Reconocer esto no implica rendirse al determinismo. Al contrario: abre una vía de comprensión más honda y, por tanto, más transformadora. Porque lo que no se recuerda también puede trabajarse. Lo que actúa en silencio también puede resignificarse.
Aceptar que no somos completamente libres no significa resignarse a la fatalidad. Significa tener más herramientas para entendernos. Y con suerte, para romper el ciclo.
En un estado como Michoacán, donde el presente a veces parece dictado por el pasado no dicho, esta comprensión podría ser una de las claves más urgentes.

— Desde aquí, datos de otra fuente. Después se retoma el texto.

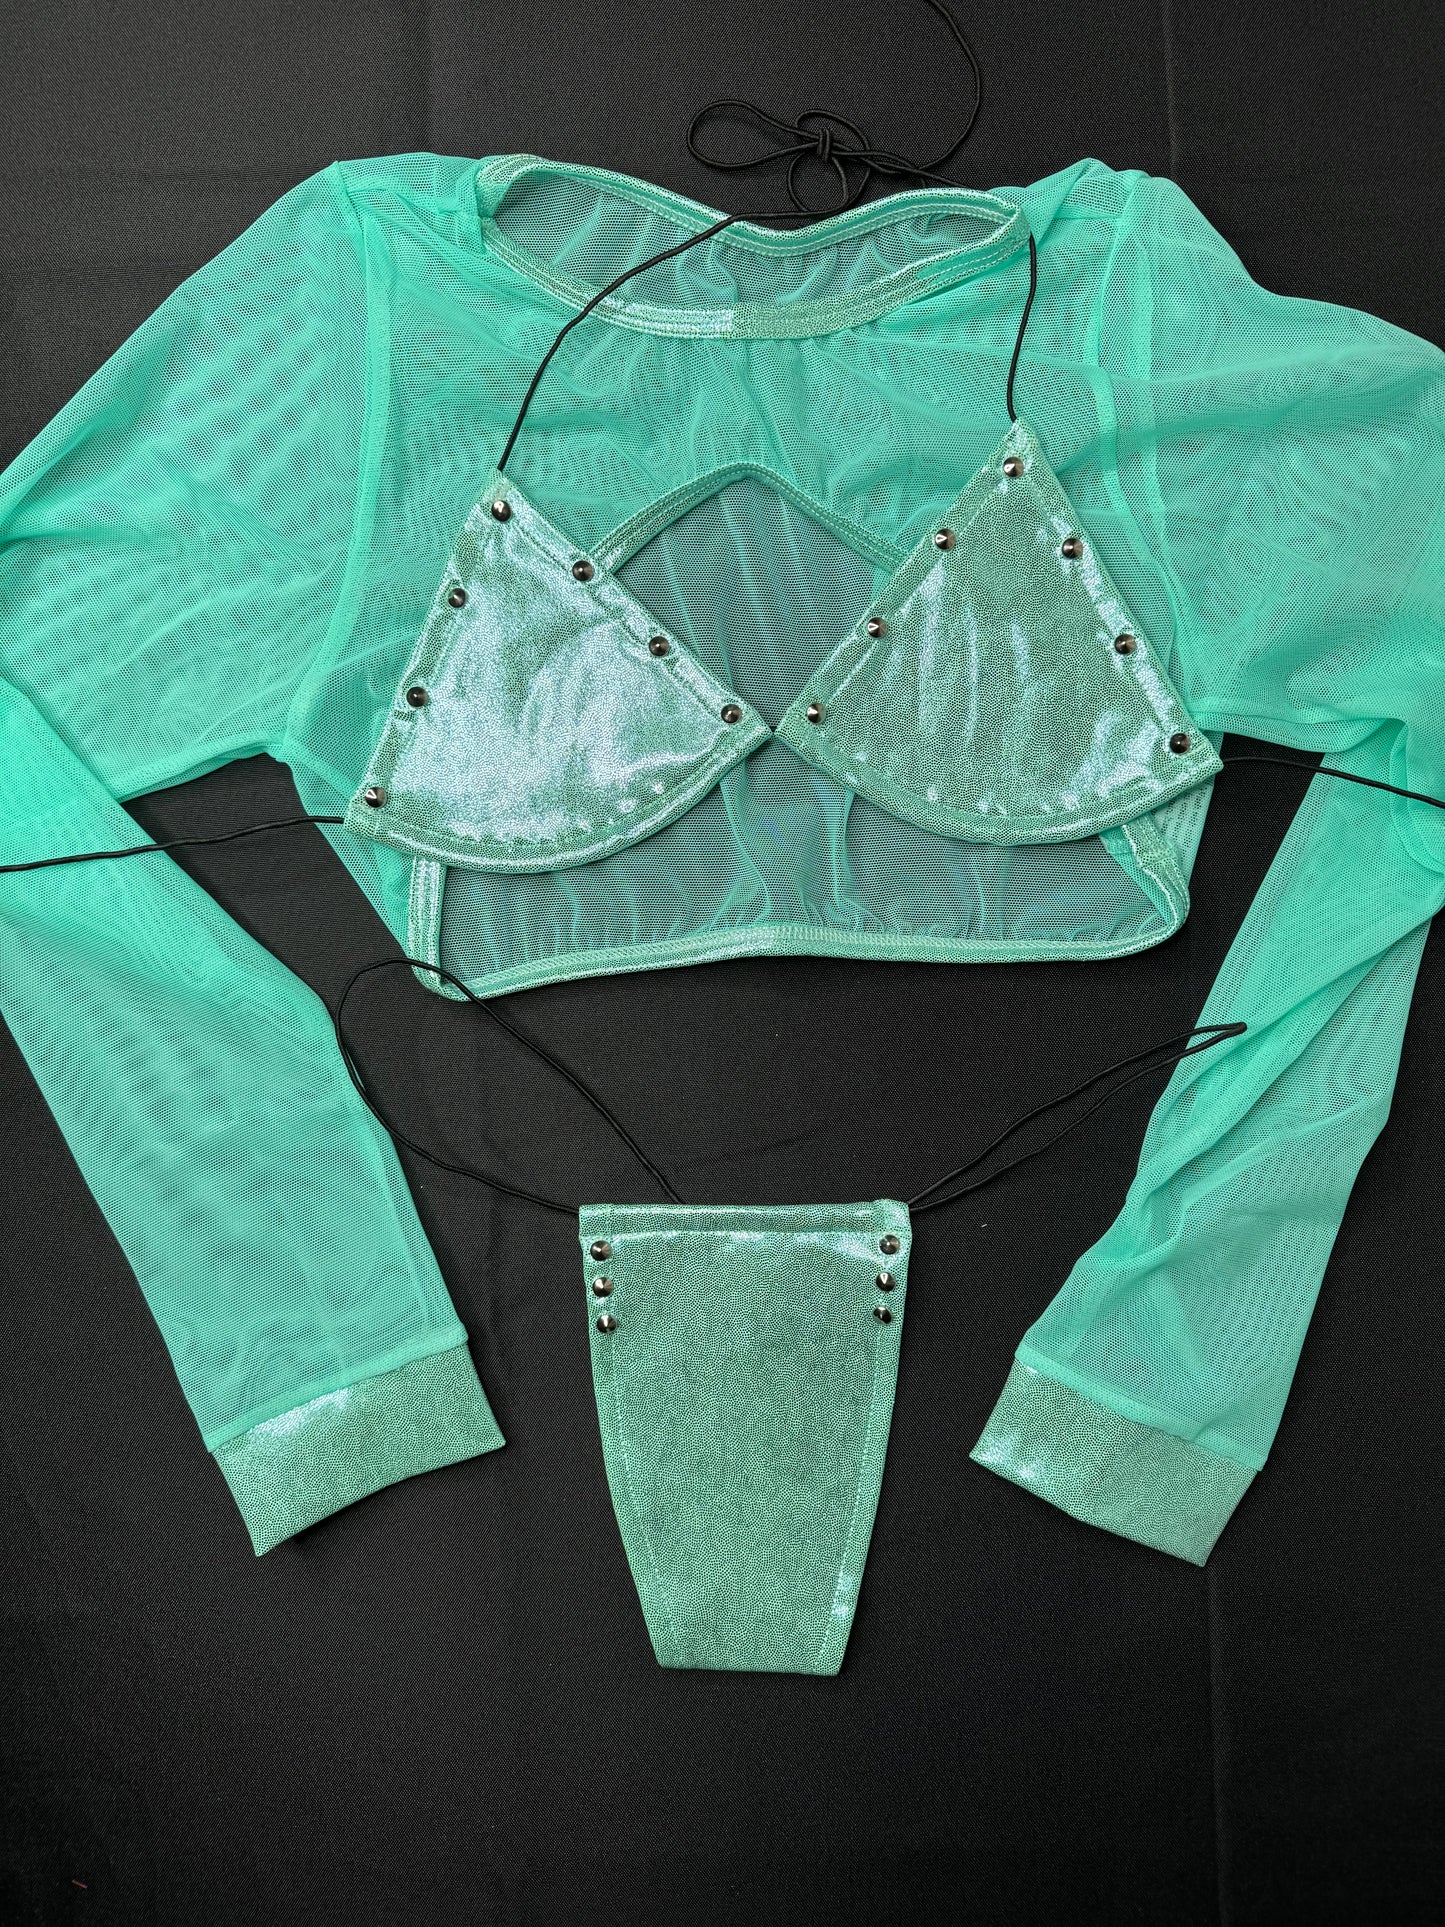 Aqua/Mint Three-Piece Exotic Dancer Outfit

Porque si no conocemos las memorias que nos guían, seguiremos decidiendo como si no tuviéramos otra opción. Y eso también es una forma de condena.
Pero si logramos reconocer que incluso nuestras decisiones equivocadas tienen una raíz que se puede explorar, entonces también podemos imaginar un margen distinto: uno donde elegir mejor sea posible no porque seamos más racionales, sino porque aprendimos a escuchar lo que nos habita.
Porque el inconsciente no es solo un pozo oscuro. Es también una biblioteca cerrada. Y cada vez que abrimos una página, por mínima que sea, cambiamos el curso de lo que creemos inevitable.